The conversion gain versus the input signal frequency is shown in Figure 8, where x-axis represents frequency, y-axis to the right represents power efficiency and y-axis to the left represents conversion gain. The 3-dB bandwidth of the conversion gain is from 22.9GHz to 26.25GHz for the input signal, corresponding to the output signal frequency from 137.4 GHz to 157.5 GHz.

The output signal powers of the 2nd to the 6th order harmonics are shown in

Figure 9, where x-axis represents frequency and y-axis represents output signal power . The output signal power at the 1 st harmonic is below -100 dBm. It can be found that the rejection of undesired harmonics, e.g., the 2nd, 3rd, 4th, 5th is larger than 13 dB in the 3- dB bandwidth.

Figure 10 plots the conversion gain and power efficiency as a function of the input signal power at frequency fo=25GHz, where x-axis represents input signal power, y-axis to the right represents power efficiency and y-axis to the left represents conversion gain. The conversion gain peaks as the input signal power is around -1 dBm. The maximum power efficiency is 4.3% when the input signal power is 0 dBm. Figure 11 shows the output signal powers of different harmonics versus input signal power, where x-axis represents input signal power and y-axis represents output signal power . It can be seen that the output signal power will be saturated at 0.85 dBm. Further, it can be seen that the rejection of undesired harmonics is almost unchanged with input signal power.

In summary, the frequency multiplier, for example the frequency-multiplier-by-six according embodiments herein has following unique features:

There is no filter or buffer amplifier between two stages, instead an impedance matching circuit comprising a piece of transmission line and a DC decoupling capacitor is connected between the two stages.

The second stage has multi-function, for example, multiplying the 2nd order harmonic, mixing the 2nd and the 4th order harmonics, and amplifying the 6th order harmonic.

The first stage is an even-order harmonics generator without utilizing balun.

These unique features of the frequency multiplier according to embodiments herein result in following advantages: 1 . Good conversion gain and power efficiency without utilizing amplifiers.

2. All transistors in the frequency multiplier according to embodiments herein operate in class-B or C configuration with a low DC power consumption, while the output signal with a specific frequency is obtained via transistor's nonlinear converting.

3. The even-order harmonic generator without balun saves the chip area comparing with that of using a passive or an active balun, respectively.

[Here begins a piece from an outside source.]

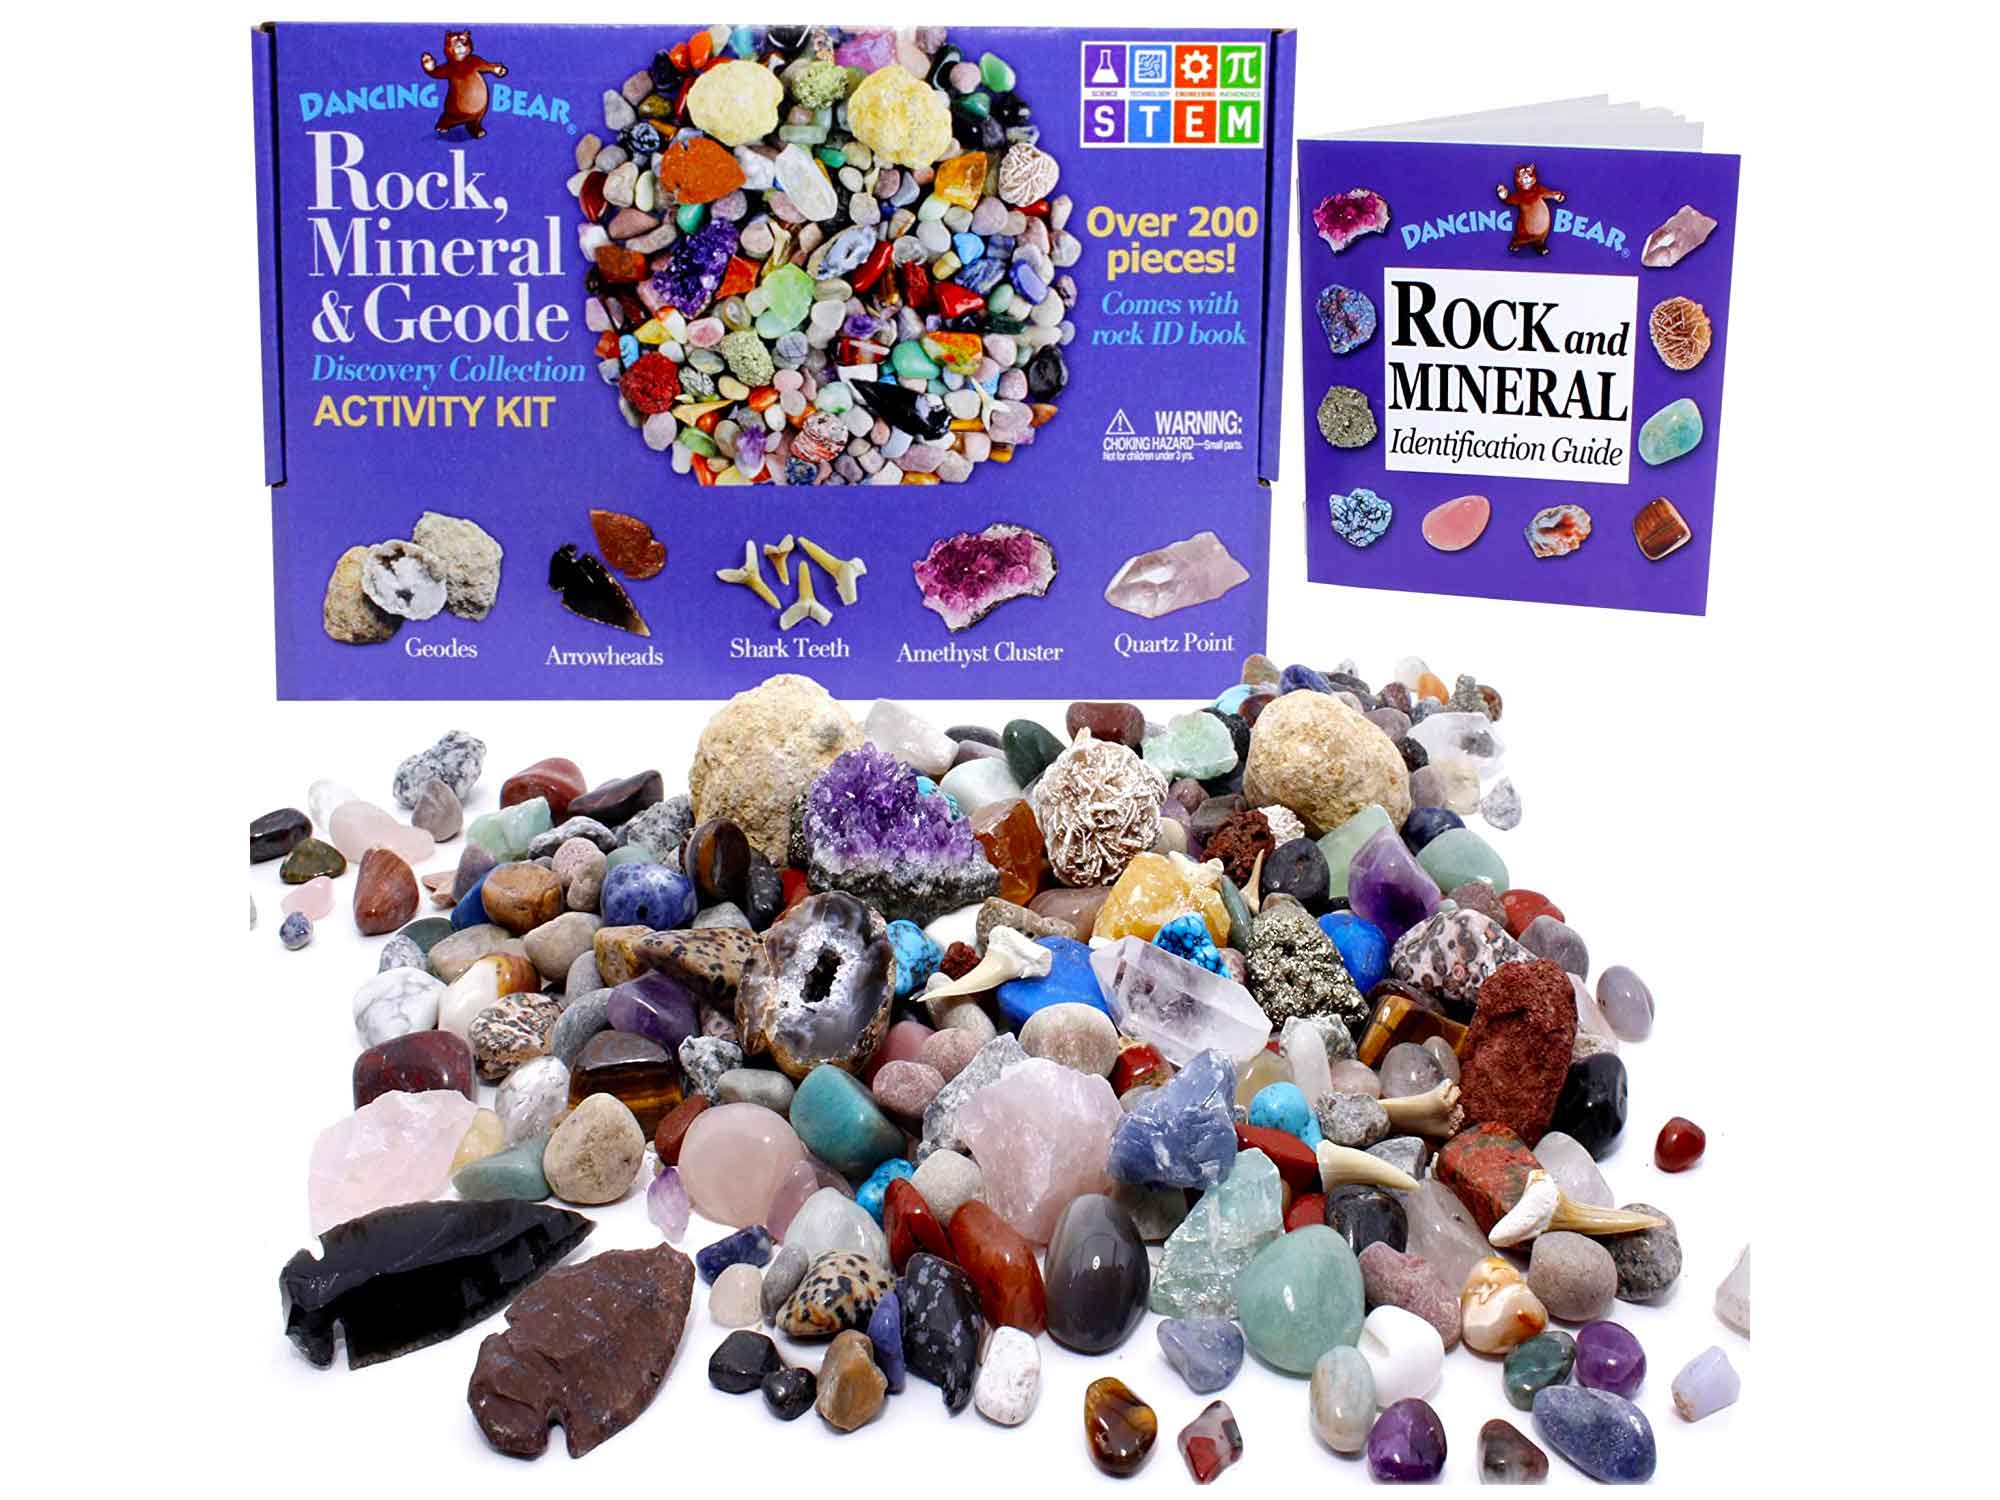 Dancing Bear Rock & Mineral Collection Activity Kit (200+Pcs) with Geodes, Shark Teeth Fossils, Arrowheads, Crystals, Gemstones for Kids, Rock Book, Treasure Hunt ID Sheet, STEM Science Education

The frequency multiplier 200,300 according to embodiments herein is suitable for millimeter or macro wave transceivers as an RF signal source generator, for example to generate E-band or D-band signals, in a wireless communication device 1200 as shown in Figure 12. The wireless communication device 1200 comprises a Transceiver 1210, wherein the frequency multiplier 200,300 may be implemented in. The wireless communication device 1200 further comprises a Memory 1220 and a Processing unit 1230.

Those skilled in the art will understand that although transistors Q-| , ⁽ ¾ in the frequency multiplier 300 as shown in Figures 3 and 4 are Bipolar Junction Transistors (BJT), the frequency multiplier 300 may comprise any other types of transistors, such as Field-Effect Transistor (FET), Metal-Oxide-Semiconductor FET (MOSFET), Junction FET (JFET), etc. When using the word "comprise" or "comprising" it shall be interpreted as non- limiting, i.e. meaning "consist at least of".

The embodiments herein are not limited to the above described preferred embodiments. Various alternatives, modifications and equivalents may be used.

Therefore, the above embodiments should not be taken as limiting the scope of the invention, which is defined by the appending claims.